Reference no: EM132797925

It may not be quite Route 66, running across the USA from Chicago, Illinois to Los Angeles, California and made famous in song by Nat King Cole, Chuck Berry and the Rolling Stones among others, but London's route 76 is one of the world's busiest bus routes. Every six minutes a red double-decker bus makes the 40-minute trip from Waterloo Station just south of the river Thames to Tottenham in north London. Though they look like any other London bus, in fact the buses on route 76 are different. They are quieter, less polluting, more fuel efficient and smoother than other buses in London. How come? Well the 26 buses that service route 76 are special. They are all Volvo hybrid-electric buses. Volvo based in Sweden is Europe's second largest commercial vehicle (truck and bus) manufacturer (Sushandoyo and Magnusson, 2014). Back in the early 2000s Volvo signalled its ambition to take a lead in the development of hybrid-electric powered heavy commercial vehicles, by starting research into hybrid-electric technologies. Given that the commercial vehicle market is long established and one that has been firmly committed to the incumbent technology of the diesel engine for a very long time, this was a bold decision, not least because of scepticism from some of its own engineers. However, Volvo was a big company producing more than 250,000 trucks and buses a year, making it one of the world's largest producers of heavy vehicles. Although Toyota had successfully introduced a hybrid electric vehicle into the car market through its innovative Prius model, breaking into the market for heavy commercial vehicles was a tough call. On the production side, Volvo faced a high level of spending on R&D, the acquisition of much new knowledge that had to be integrated with existing knowledge, a long payback period and the risk of making a premature choice of technology (Sushandoyo and Magnusson, 2014). In the market, diesel technology was well established, and operating in a commercial environment vehicles had to be completely reliable and familiar to the staff who used them. Not unsurprisingly operators were generally reluctant to risk new and untried technologies, given the need to maintain a reliable and efficient service.
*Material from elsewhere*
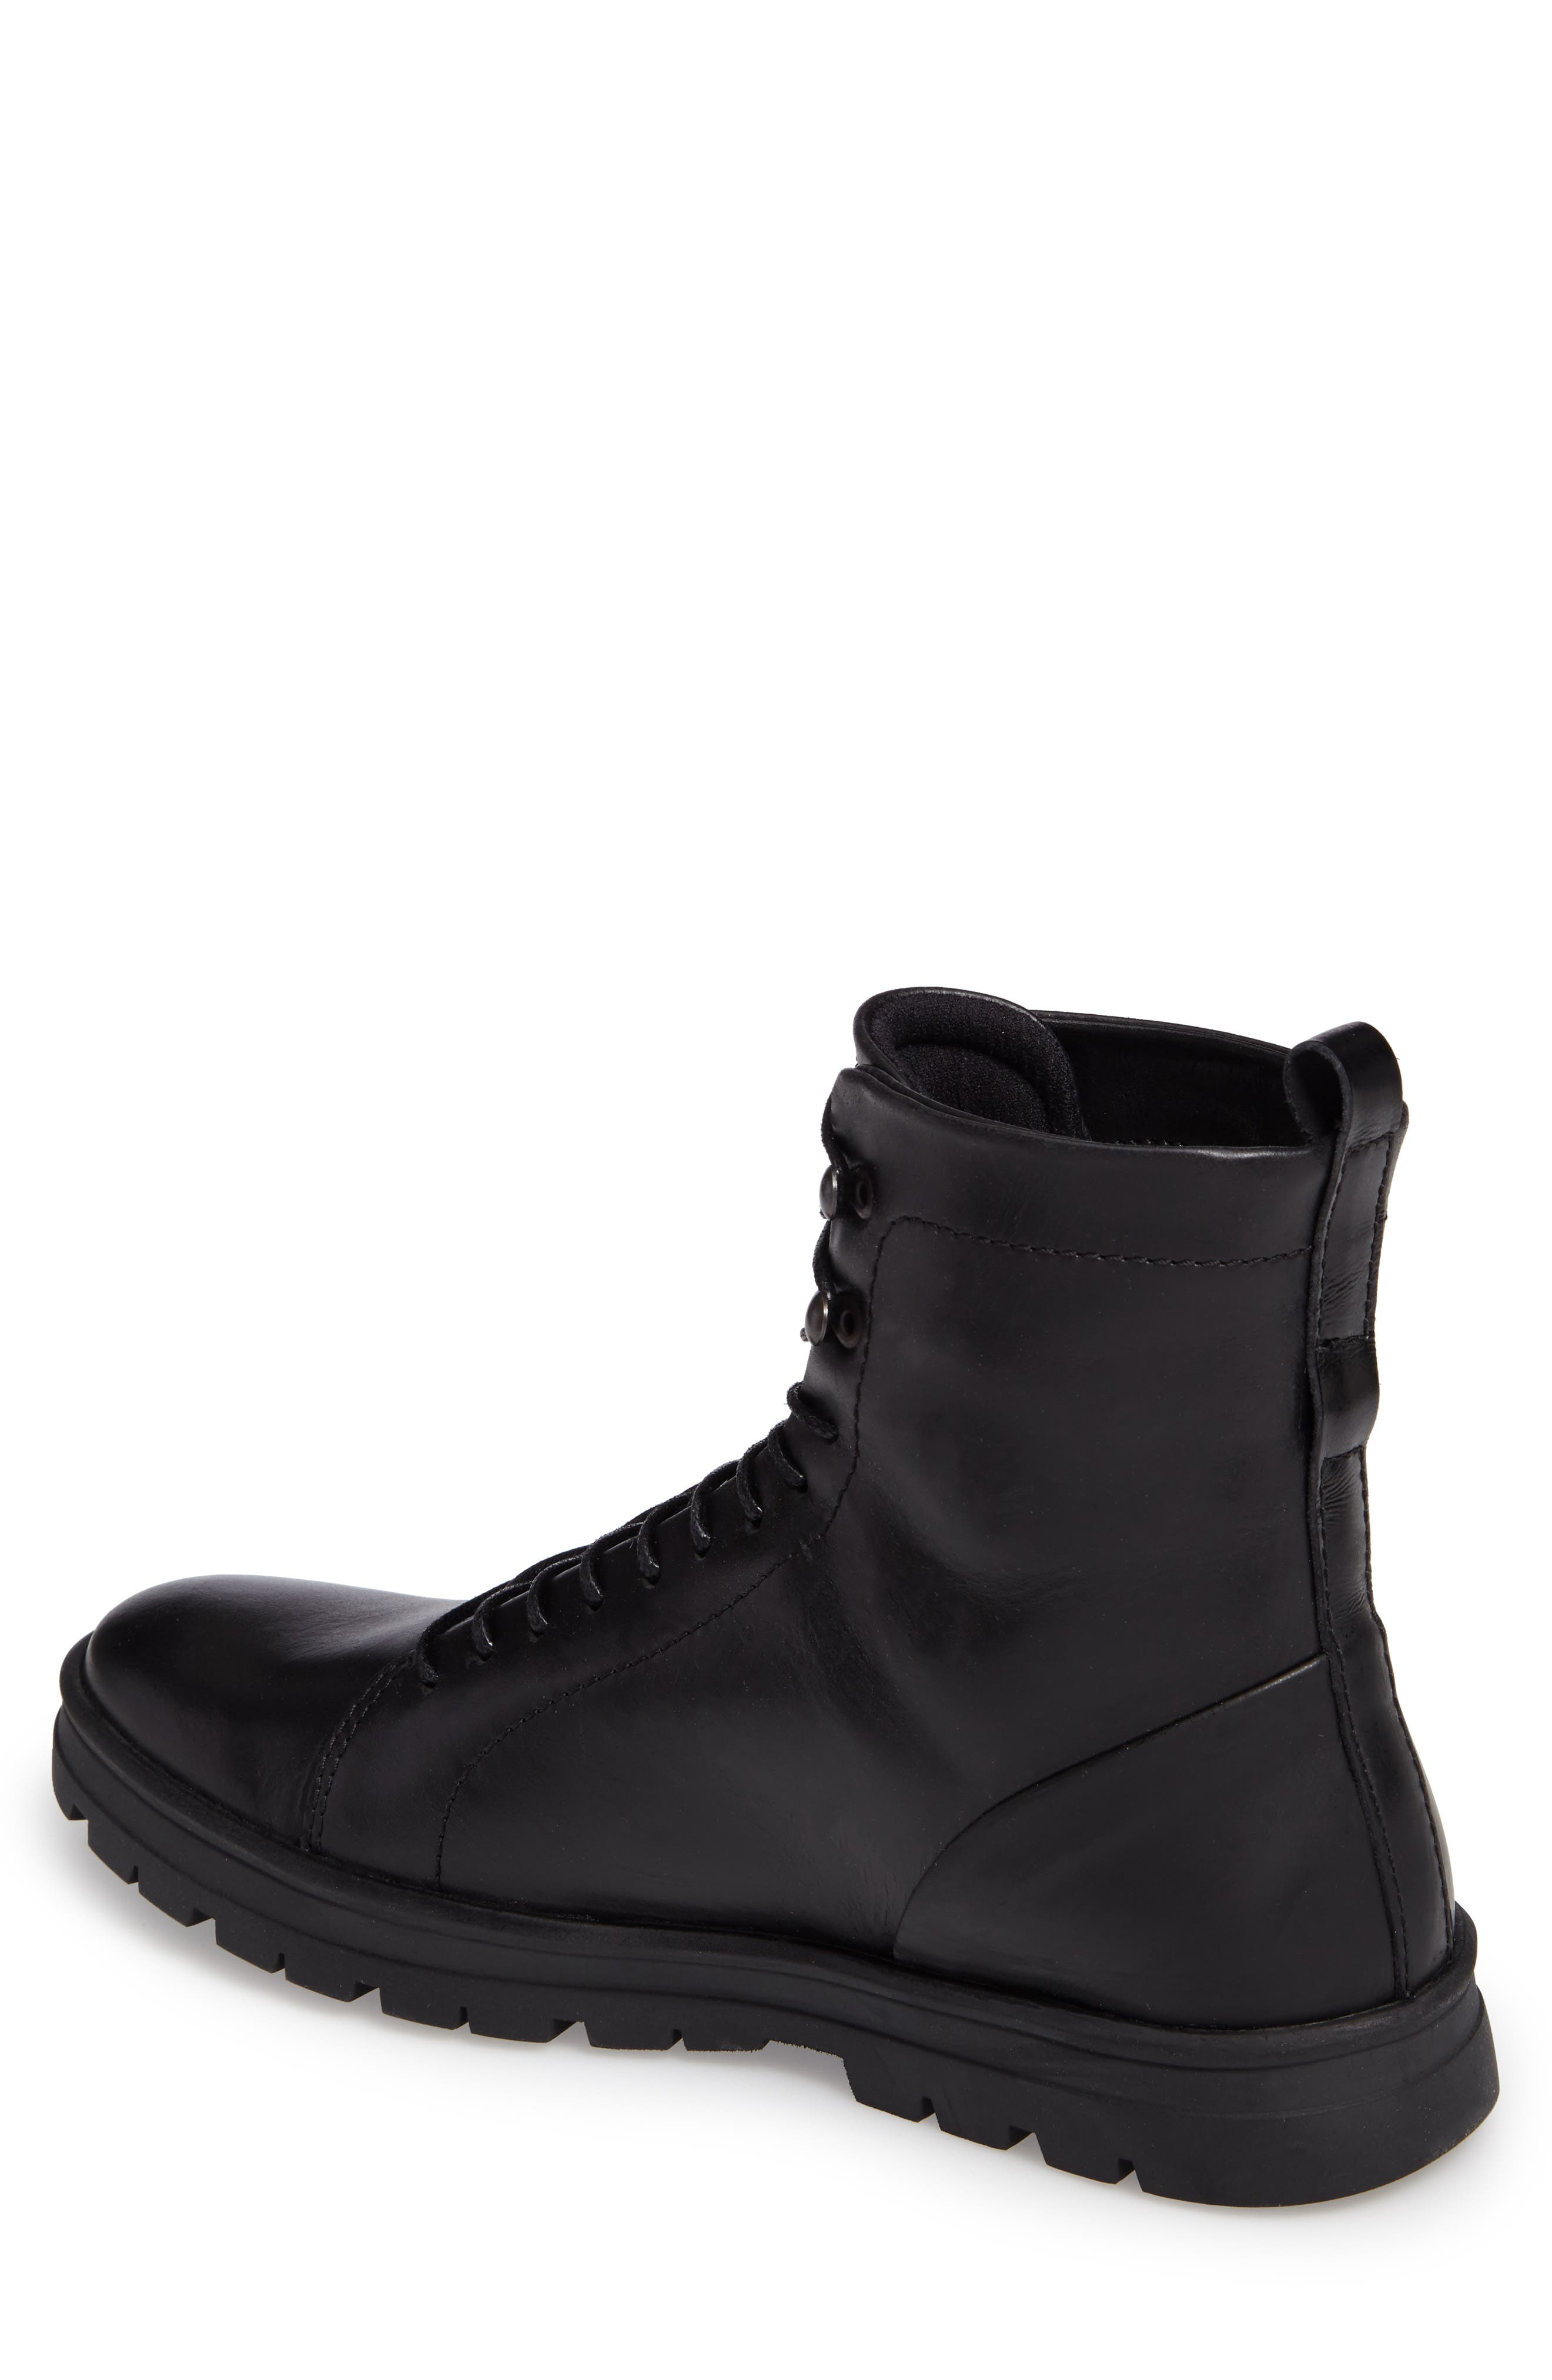 Hudson Waterproof Tall Boot,                             Alternate thumbnail 2, color,                             001

Against this background Volvo pressed ahead in developing a new kind of powertrain for heavy commercial vehicles. Whereas conventional automotive powertrains rely upon an internal combustion engine as the sole source of power, a hybrid-electric powertrain utilises an internal combustion engine, one or more electric motors and some form of battery. Hybrid technology allows kinetic energy from braking to be converted into electric power that is then stored until required by the electric motor. Vehicles using this kind of technology offer a number of benefits including improved fuel efficiency, lower emissions and a smoother ride. Hybrid technologies can follow one of two possible models, either series configuration where the vehicle is driven by battery topped up by a conventional diesel engine and kinetic energy from braking, or parallel configuration where the vehicle is driven by the battery, a diesel or a combination of the two. Volvo was one of several automotive firms to explore hybrid technology in the early 2000s. These included prototype hybrid trucks and buses based on a series configuration developed as part of Sweden's Strategic Vehicle Research and Innovation programme. However, trials in Gothenborg were disappointing. Although the prototypes exhibited low emissions they were not as fuel efficient as the company had hoped. Particularly significant was the vehicles' poor reliability. Volvo's engineers found that hybrid-electric systems using a series configuration were very sensitive to failure. If any of the electrical components failed for any reason the vehicle came to a complete standstill. This poor performance resulted in a lack of interest on the part of potential operators.
In the light of these setbacks Volvo managers initiated an advanced engineering programme in 2002 designed to investigate the relative merits of the two competing (i.e. series and parallel) hybrid configurations (Zolfagharifard, 2010). This found that the parallel hybrid configuration was the more versatile (see Table 8.1), although it was the more technologically complex because of the need to integrate diesel and electric technologies. In the light of this, Volvo opted to develop parallel hybrid technology and in 2006 CEO Leif Johannson announced that the company planned to launch a hybrid truck on the market by the end of the decade.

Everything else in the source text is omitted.